Rarer Than Gold (A Chance Inquiry #2) by Holly Newman         

⭐️⭐️⭐️⭐️




Newly weds Sir James Branstoke and his bride, Lady Cecilia have changed their honeymoon plans and travelled into Kent to Summerworth Park, an estate Sir James had recently purchased from his cousin.
Ensconced with their plans for refurbishment,  they definitely didn’t expect to become involved in a missing, presumed dead, neighbor and acquaintance, Baron Aldrich. Nor did they foresee they’d be assisting the dead lord’s wife, Lady Elinor, with investigating the matter.  Furthermore they had no notion they’d be falling down the proverbial rabbit-hole of dangerous coincidences and mis-directions.

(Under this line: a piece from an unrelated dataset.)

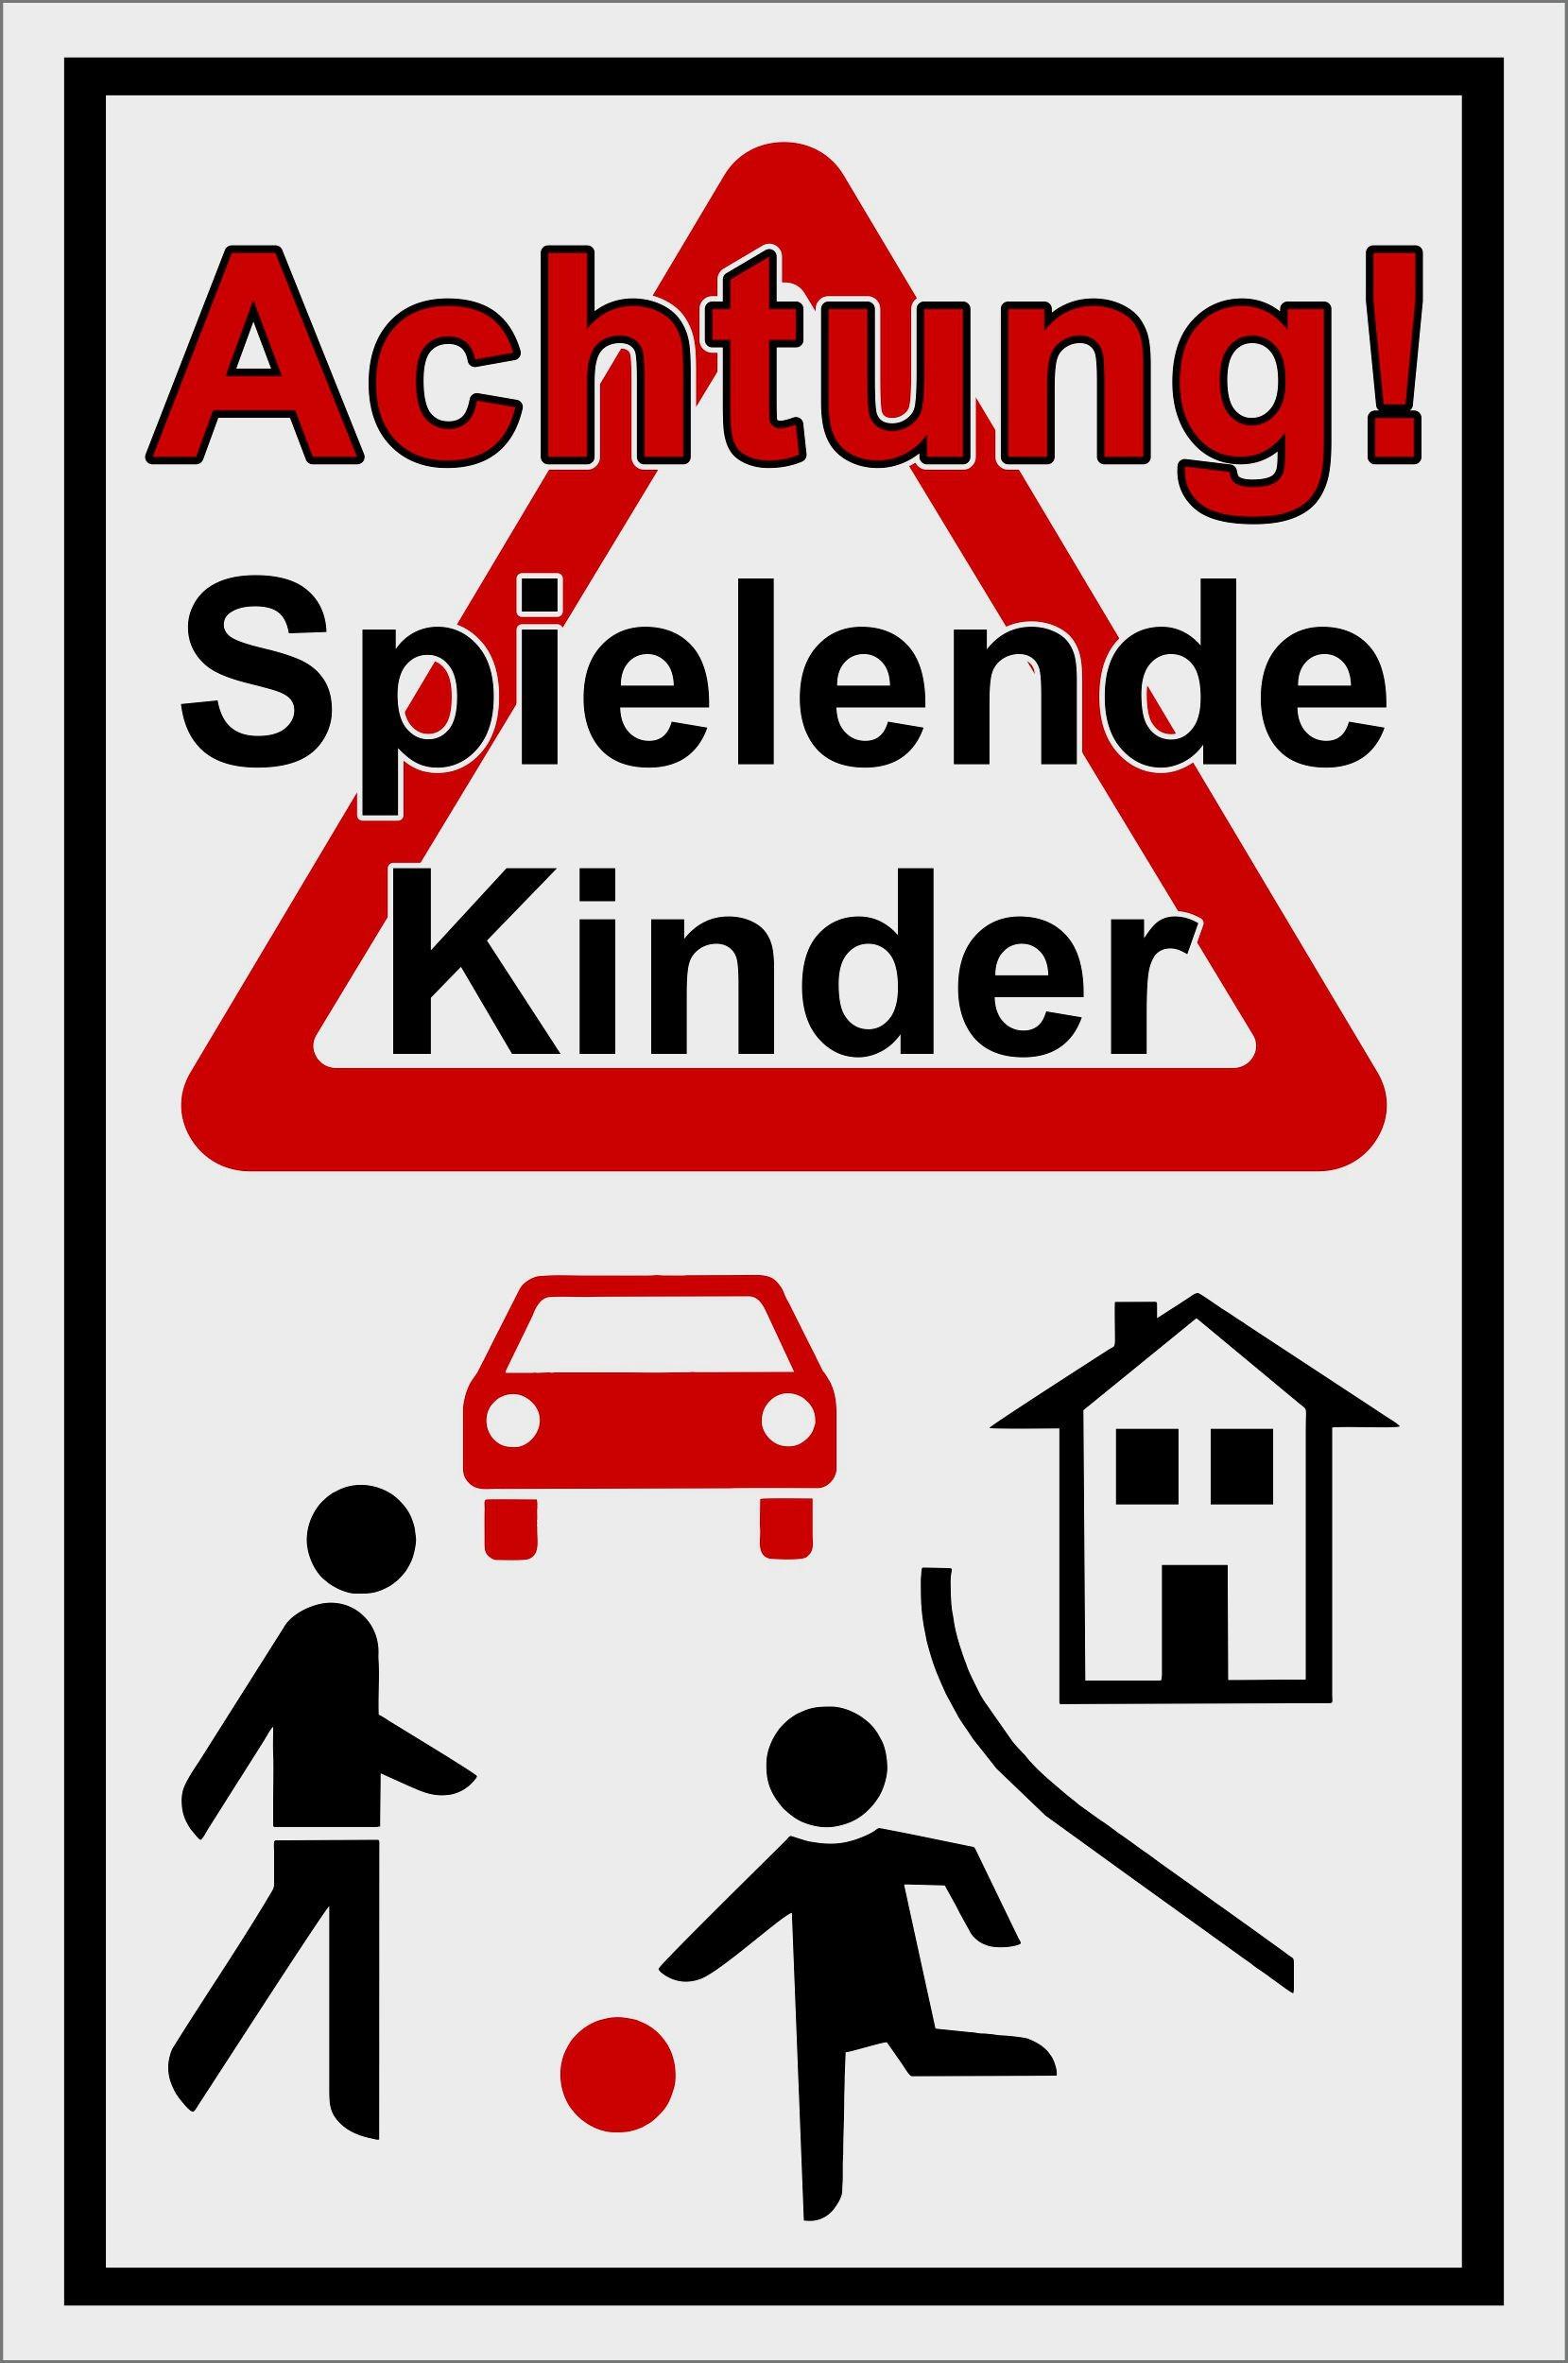 Achtung Spielende Kinder! 300 x 200 mm Warn- Hinweis- und Verbotsschild PST-Kunststoff – Bild 1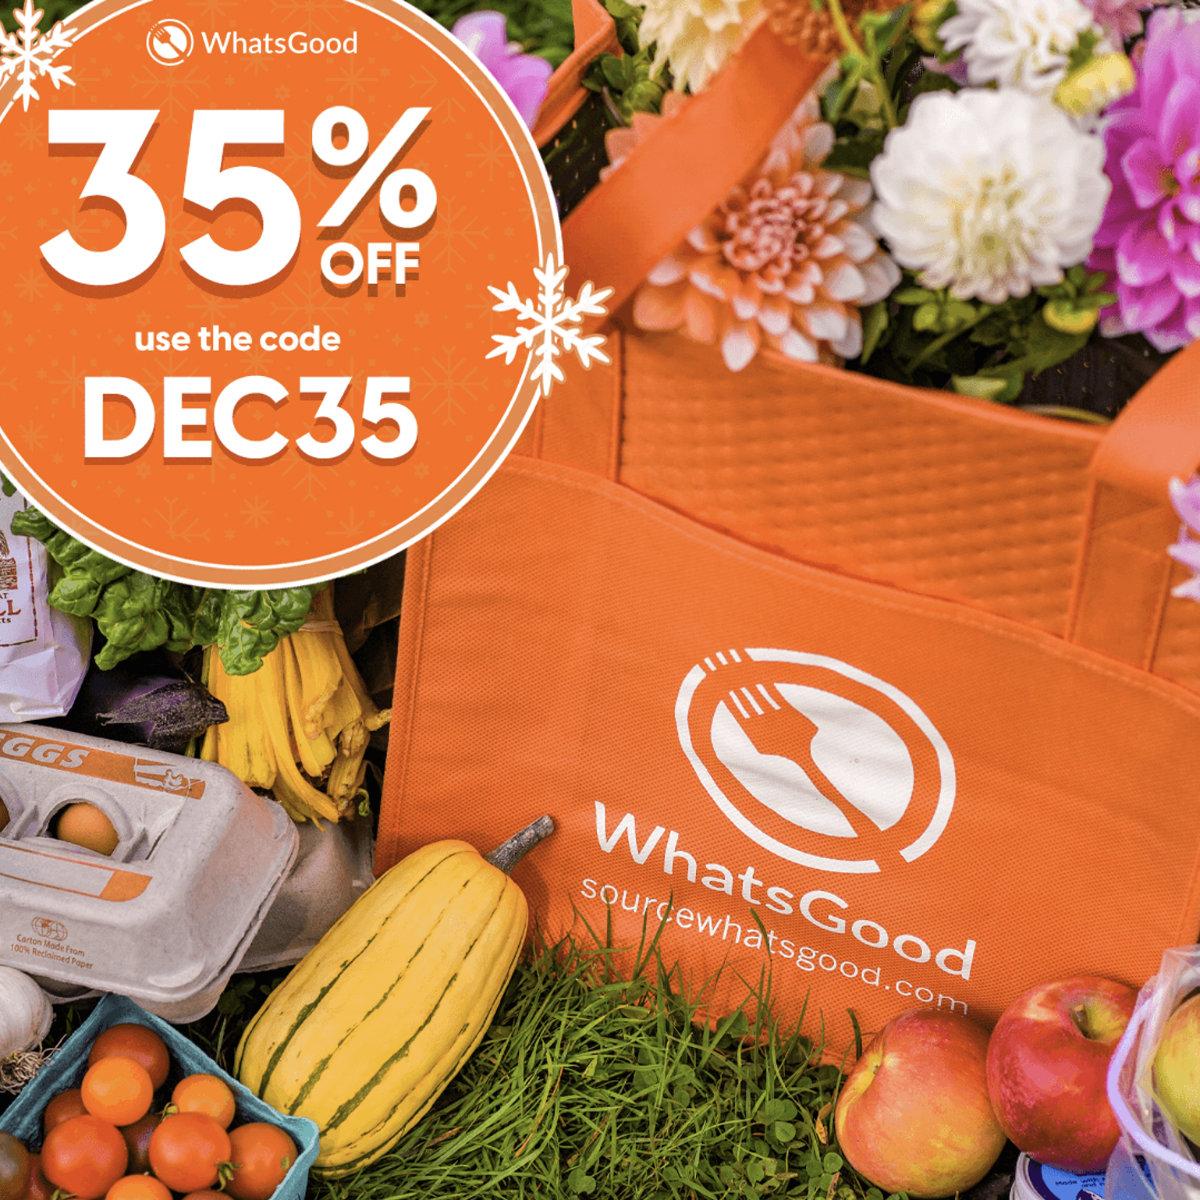 35% off WhatsGood | Code DEC35

Intrigue indeed! Havey-cavey happenings at the inn where they’re staying, near where Aldrich’s coach has fallen off a cliff! Cecelia and Elinor are nearly robbed by an intruder in the dead of night, possibly after a letter Elinor received from Aldrich. Then they’re accosted by a rigid, sanctimonious military person, one Captain Andrew Melville. There’s rumors of stolen gold and weapons, and at the center might be the secretive fanatical spymaster, Lord Candelstone. If it’s him, he’s as usual spinning  threads on his intelligence web, leaving his agents dangerously isolated, without known support.  Indeed using them carelessly, more as cannon fodder, as pawns on a chessboard, rather than valued operatives to be protected and supported where possible.
I gather James and Cecelia had a perilous run in with Candlestone’s operations in an earlier novel, a situation that nearly cost Cecilia her life. (I’m definitely going to read that as the hints about how they met sound intriguing.)
I enjoyed Cecilia and James’ relationship, their understandings about each other. I particularly appreciated Cecilia’s attitudes to those who would snub Lady Elinor because she comes from a mercantile family. How Cecelia dealt with such persons was satisfying.
The story appeared to start slowly, but once I fell into the writer’s rhythm, and the breadth of the intrigue, I found myself firmly entrenched in this Regency mystery set around 1815.